For each movement studied, students explore the historical context, the strategies and tactics used, the narrative they present, and the dominant narrative that they are challenging. Students use primary sources to explore the diverse perspectives within movements and secondary sources to assess and evaluate their successes and failures in the short and long term.

In year two, the history curriculum focuses on colonization and imperialism. Students cover pre-colonial Africa and Asia so that students may understand the wealth, complex social structures, and trade networks in these richly diverse and enormous continents. They then learn about imperialism and colonization, focusing on the strategies and ideologies of both the colonizers and those who resisted being colonized. We explore the political, economic, psychological, and social ramifications of imperialism. Students then learn about American imperialism through the Spanish-American War and the interventions in Hawai’i, Colombia, China, and the Philippines, exploring and representing the experience from both sides. 

The readings are compilations of many secondary and primary sources. Students focus on analyzing and contextualizing primary sources, such as letters, speeches, diaries, novels, photographs and other artifacts.

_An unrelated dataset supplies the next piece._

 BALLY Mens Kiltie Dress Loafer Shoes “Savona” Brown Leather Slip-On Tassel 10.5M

They use knowledge gained through primary source explorations to analyze and critique secondary sources, informing a discussion about historiography and the importance of perspective in historical research. Students will continue to improve their note taking, essay writing and research skills, and they will work on a variety of projects, both as individuals and in small groups.

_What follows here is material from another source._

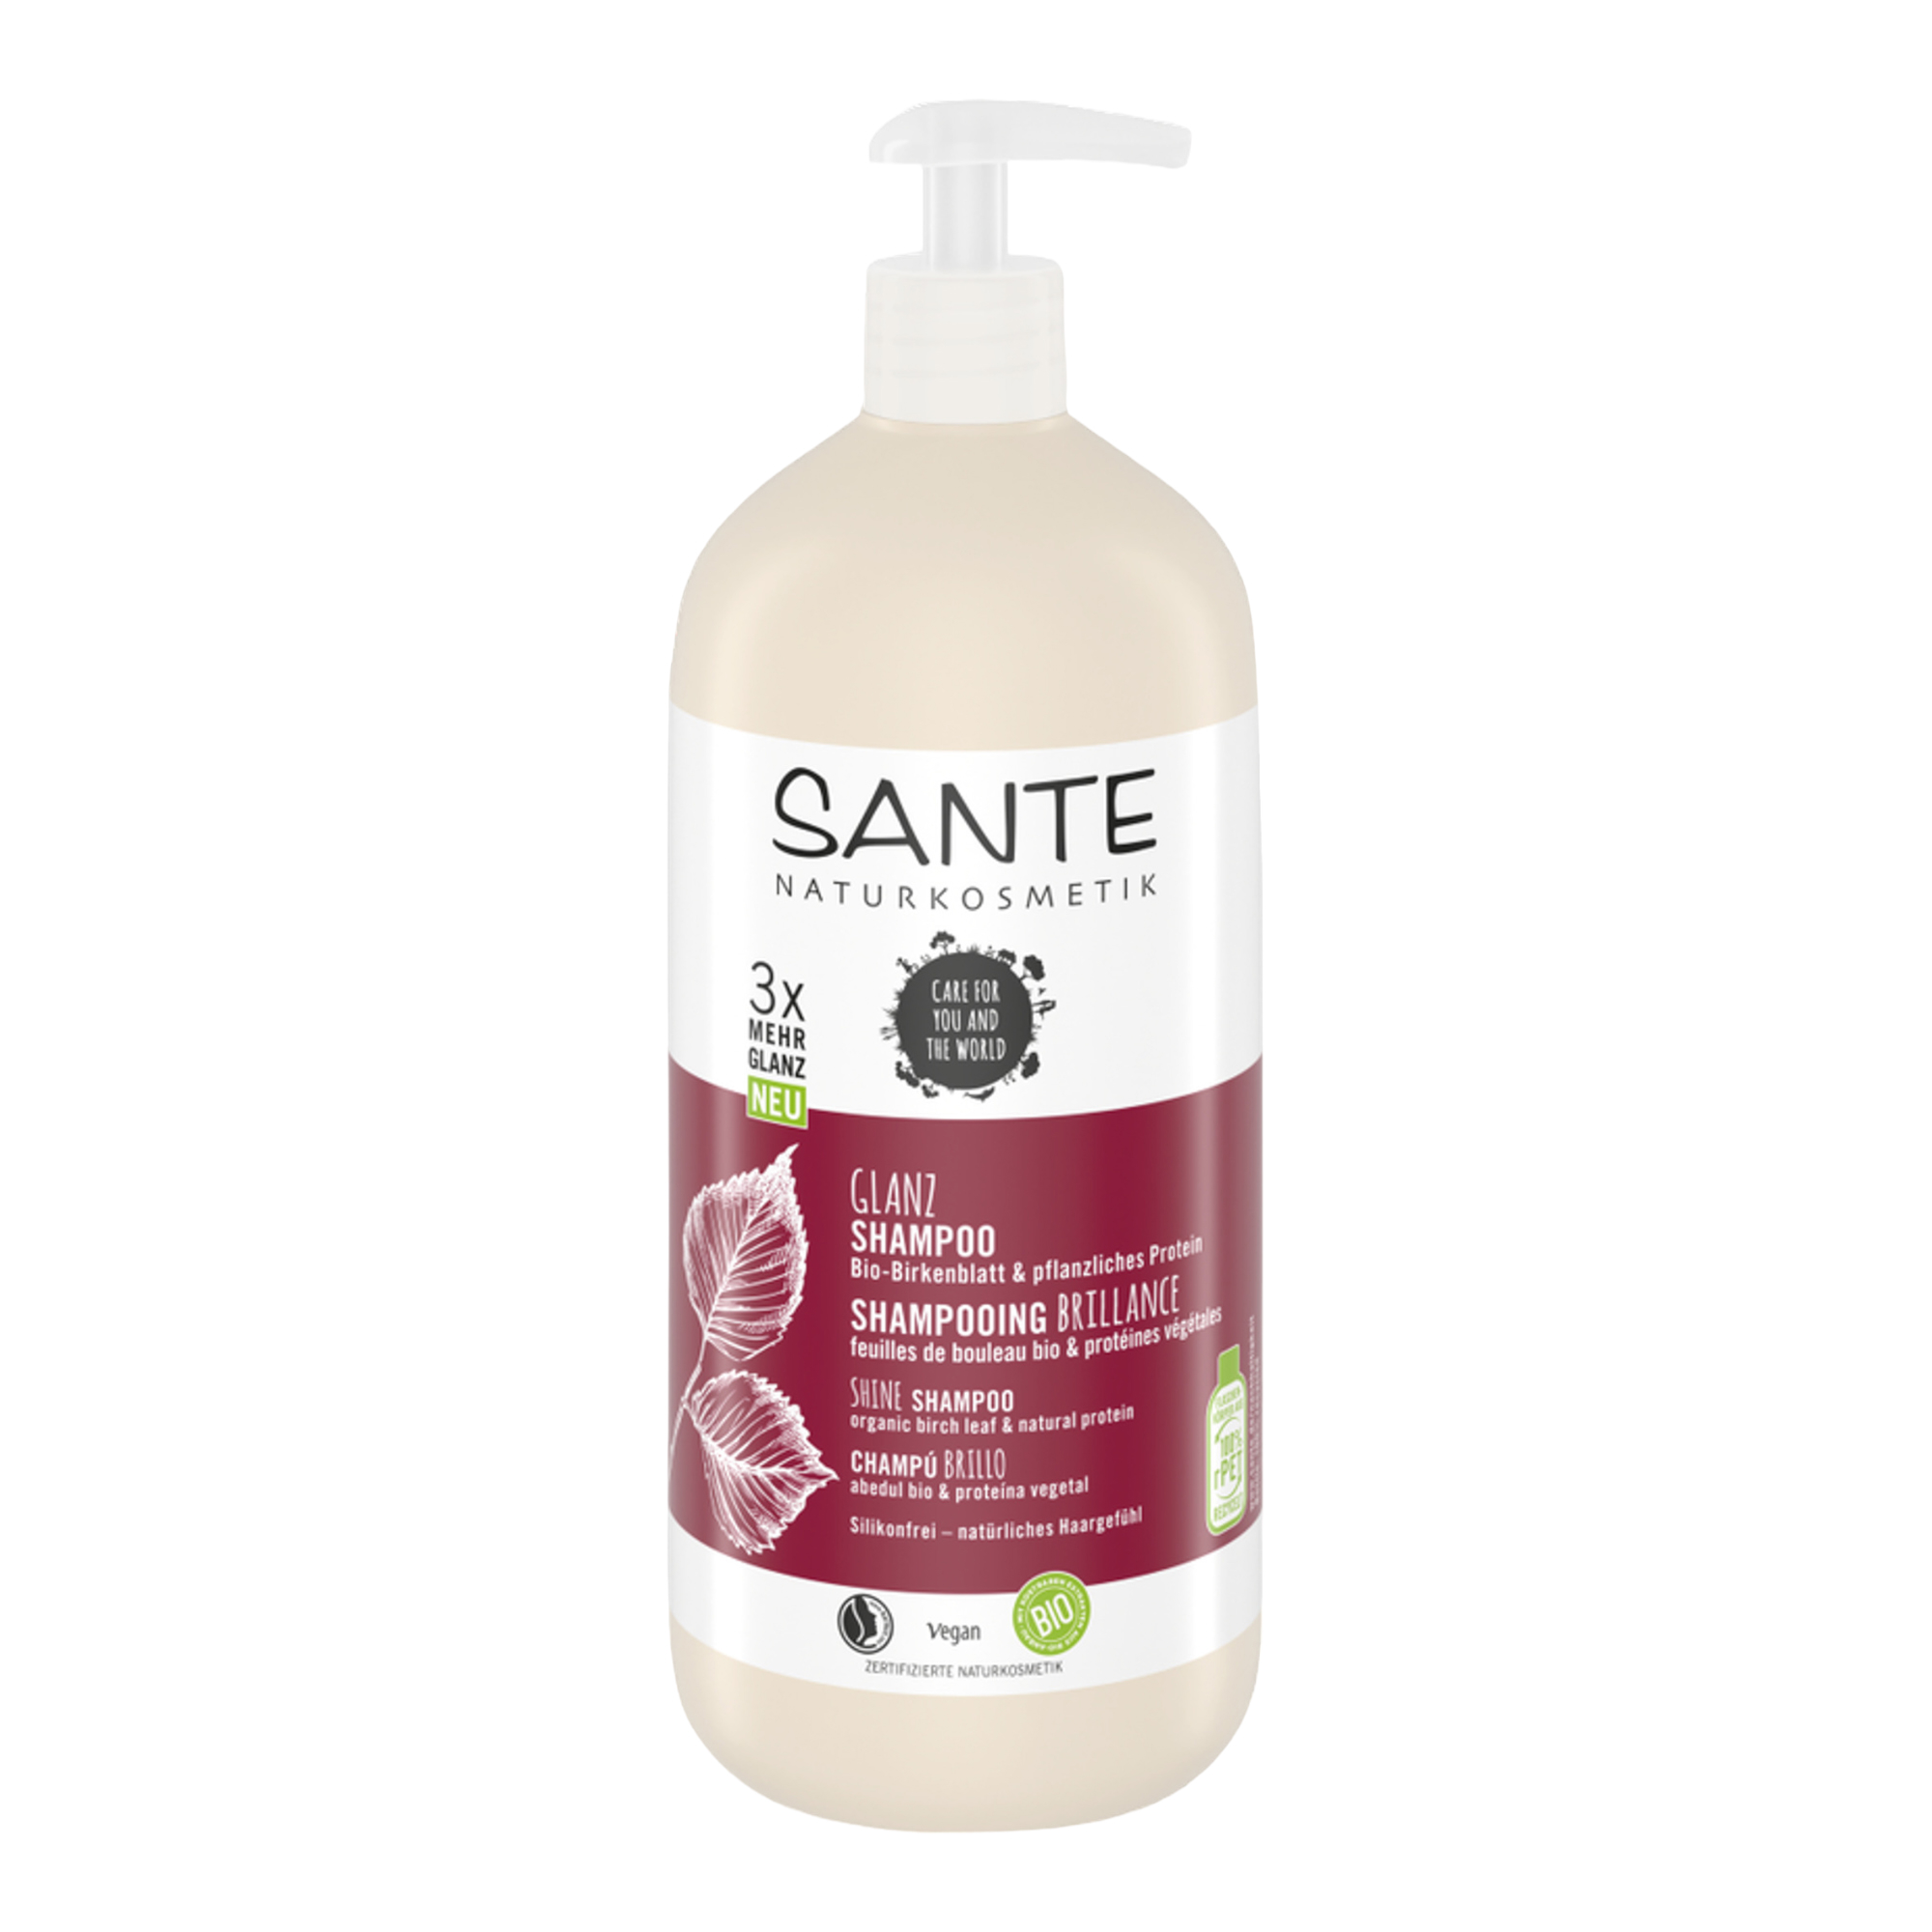 Organic shine shampoo 500ml from Sante Natural Cosmetics

Assignments require not only original thinking, but also synthesis and analysis of the ideas that they have read about or discussed in class. Students also engage in town meetings, debates, and simulations. Essay and research writing is a major component of the curriculum. Students are also expected to write creatively from a variety of historical perspectives. Additionally, students hone their understanding of geography, familiarizing themselves with the world map at a number of moments throughout the study and analyzing how interpretation affects map presentation.

Throughout these studies and with guidance in History Seminar, students independently develop a research paper based on a topic of their choosing. Through the process, students gain familiarity with Internet and library-based research, note taking, outlining, writing, and editing. They also gain a strong sense of independence and pride upon the completion of their long-term project.

Most importantly, students will learn how to become critical thinkers and effective students of history. Students will develop their ability to identify bias and perspective, the use of language to frame historical narratives, and the importance of viewing history from multiple perspectives.